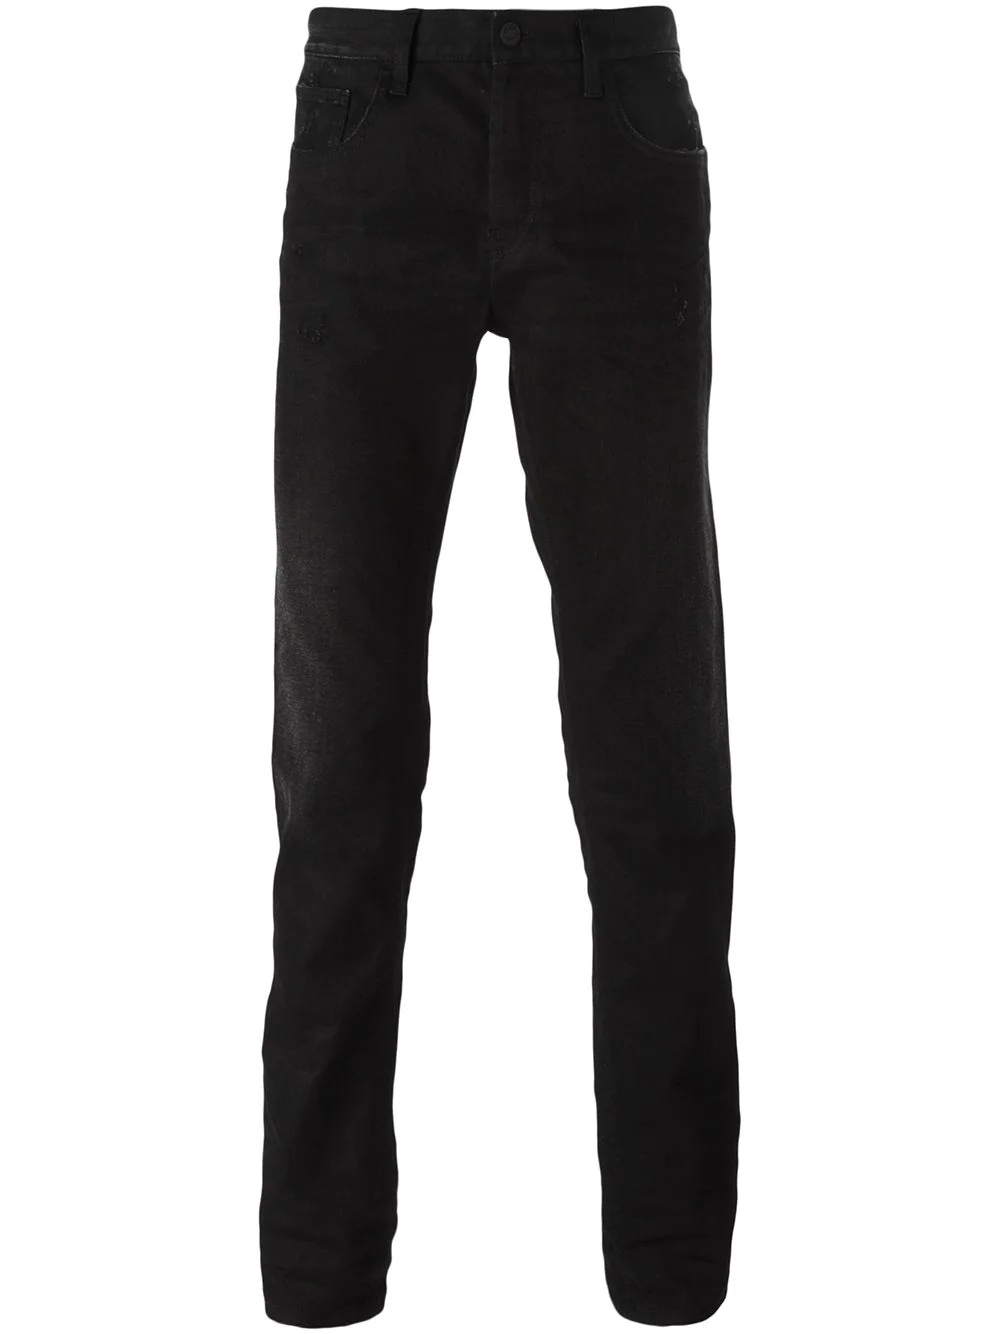 stonewashed classic jeans - 1
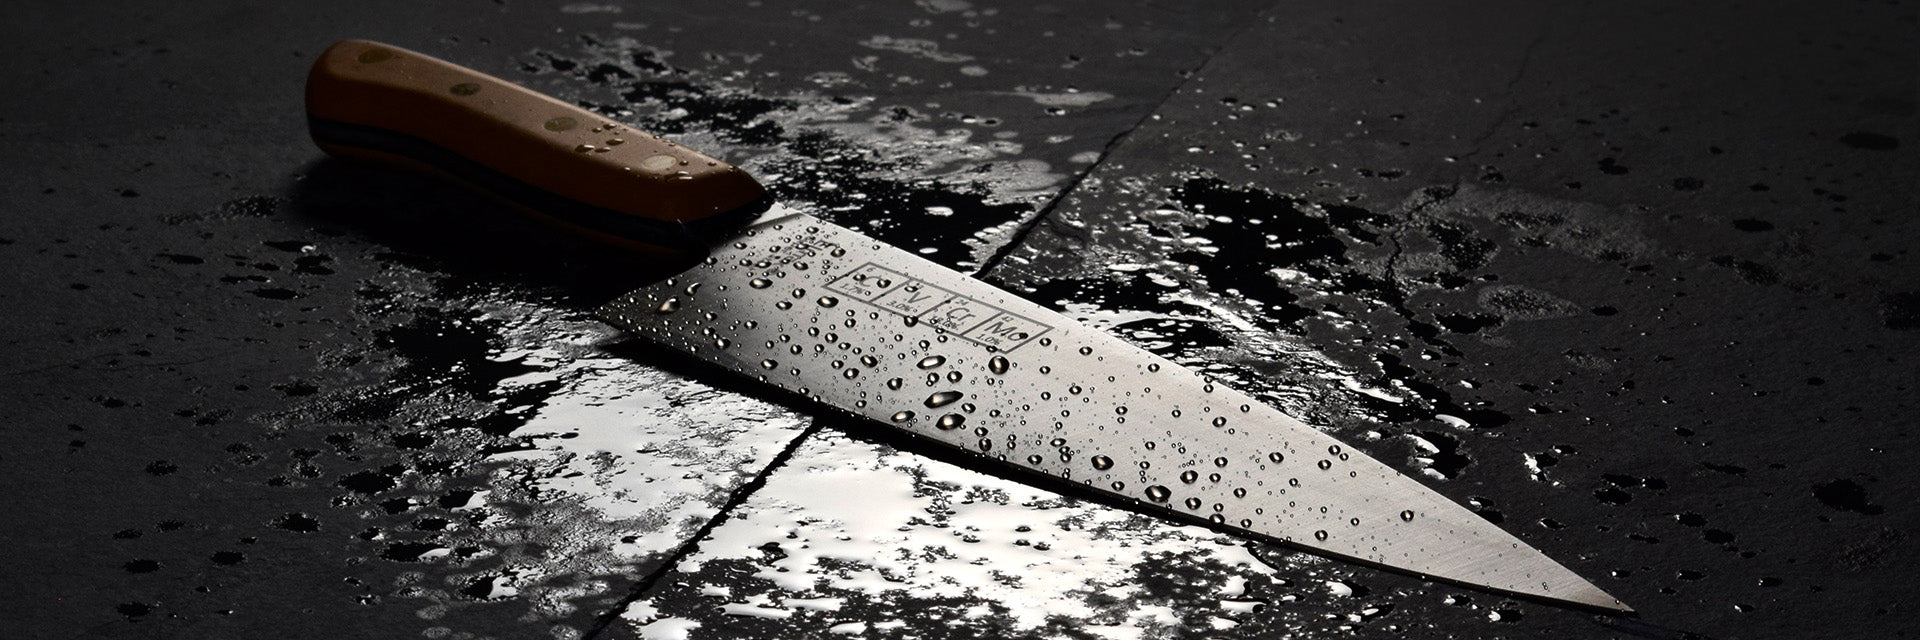 Bottom Line: Picking the best chef's knives
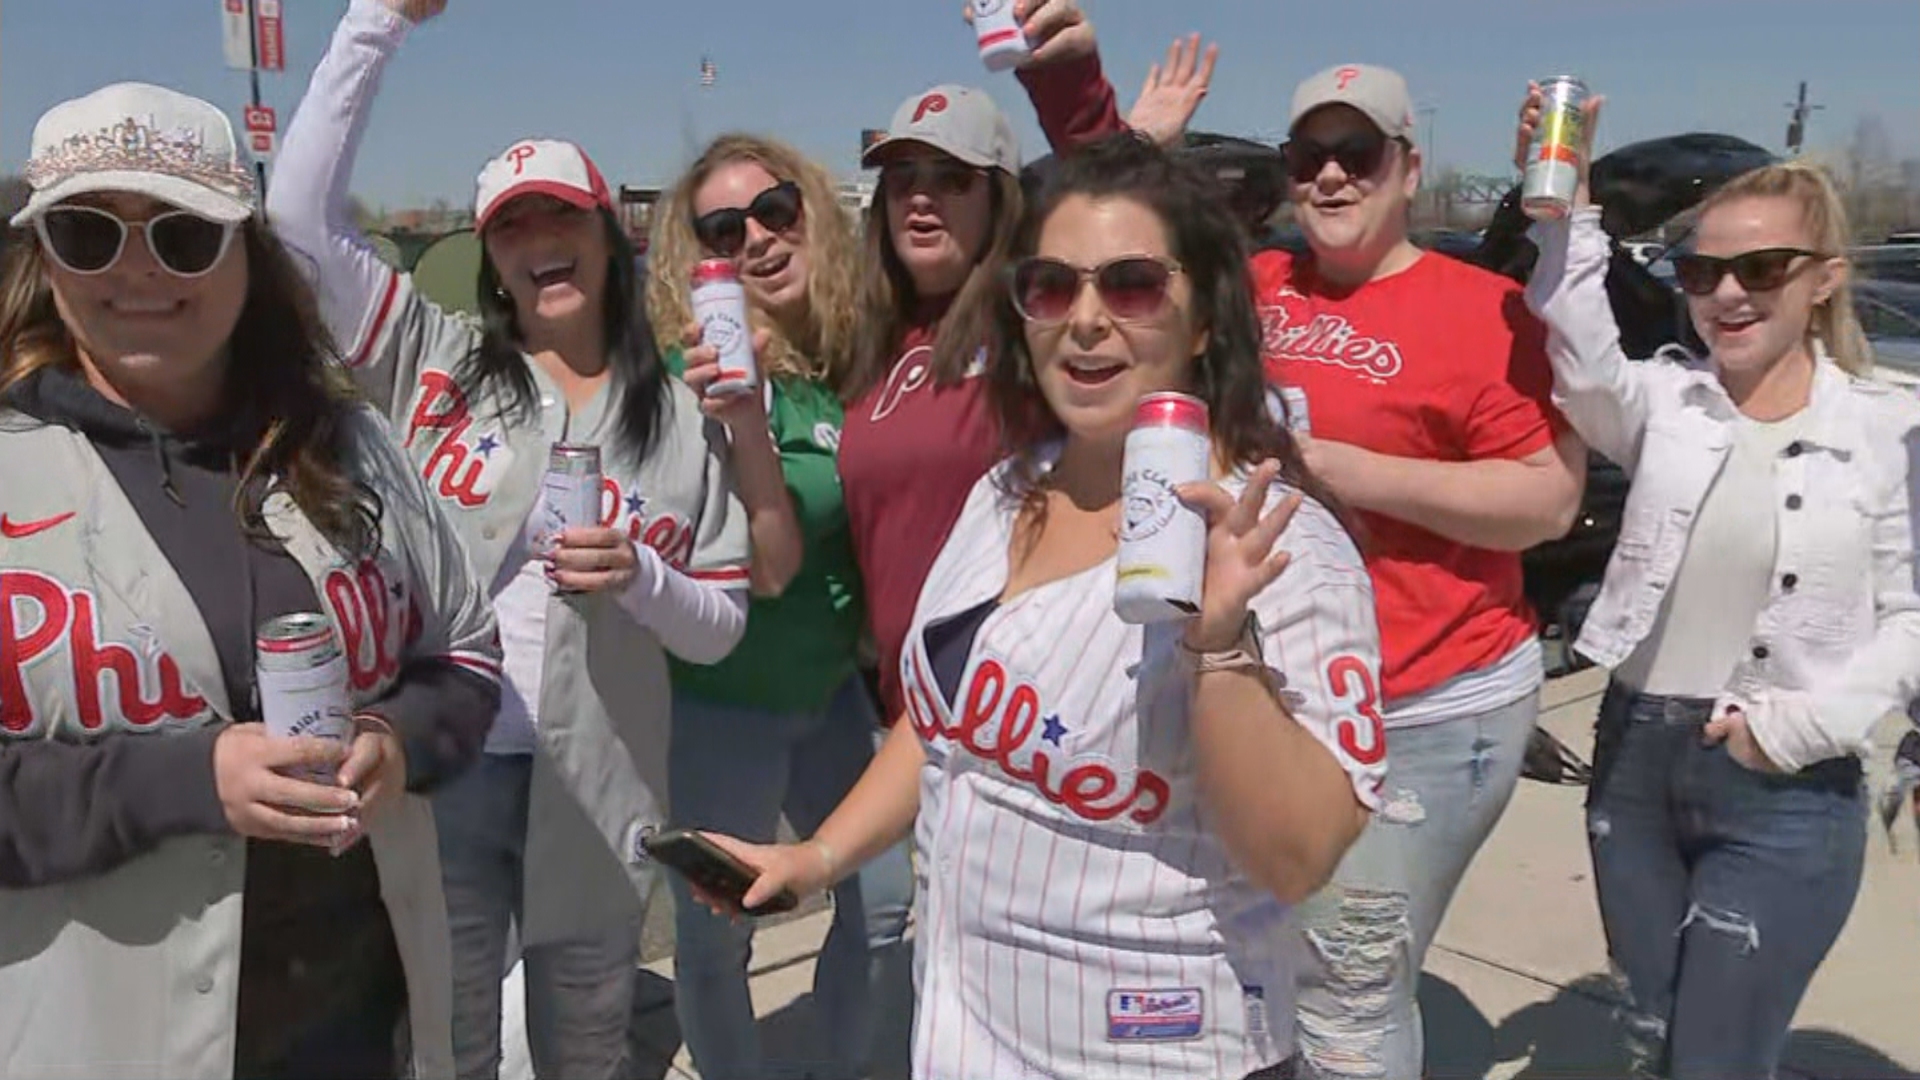 Phillies Fans Tailgate, Buy Merchandise Ahead Of Opening Day Against Oakland Athletics
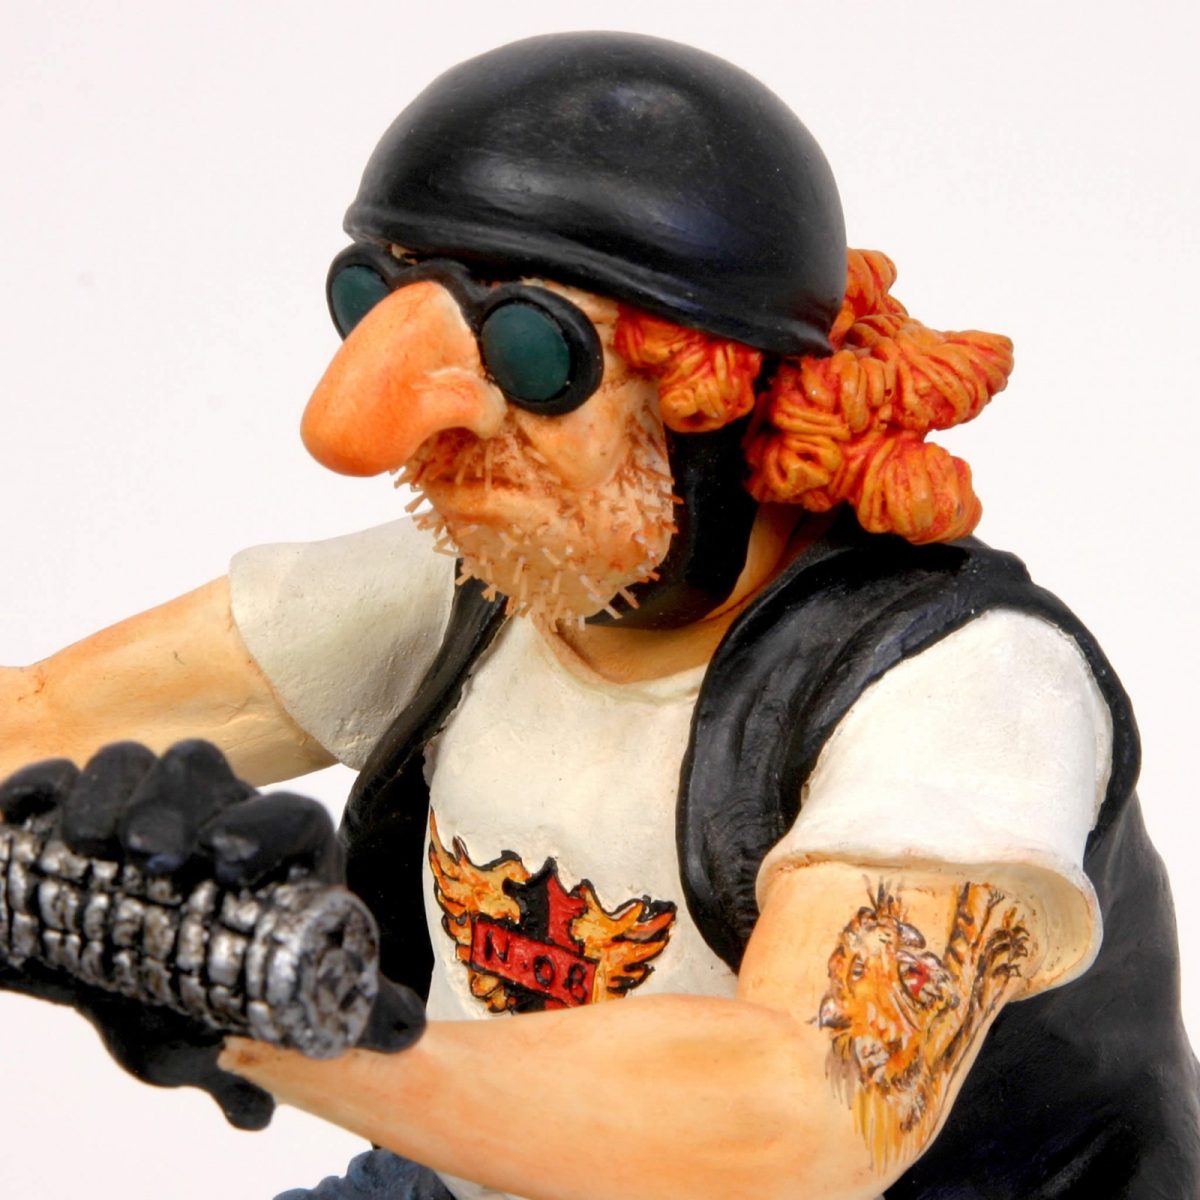 Guillermo Forchino Motorbike Lovers Miniature Figurines Gifts

# # # #

Every line of the material is to be quoted exactly, with no pictures carried over.

Result of the exercise:
 stonewashed classic jeans - 1
 Bottom Line: Picking the best chef's knives
 Phillies Fans Tailgate, Buy Merchandise Ahead Of Opening Day Against Oakland Athletics
 Guillermo Forchino Motorbike Lovers Miniature Figurines Gifts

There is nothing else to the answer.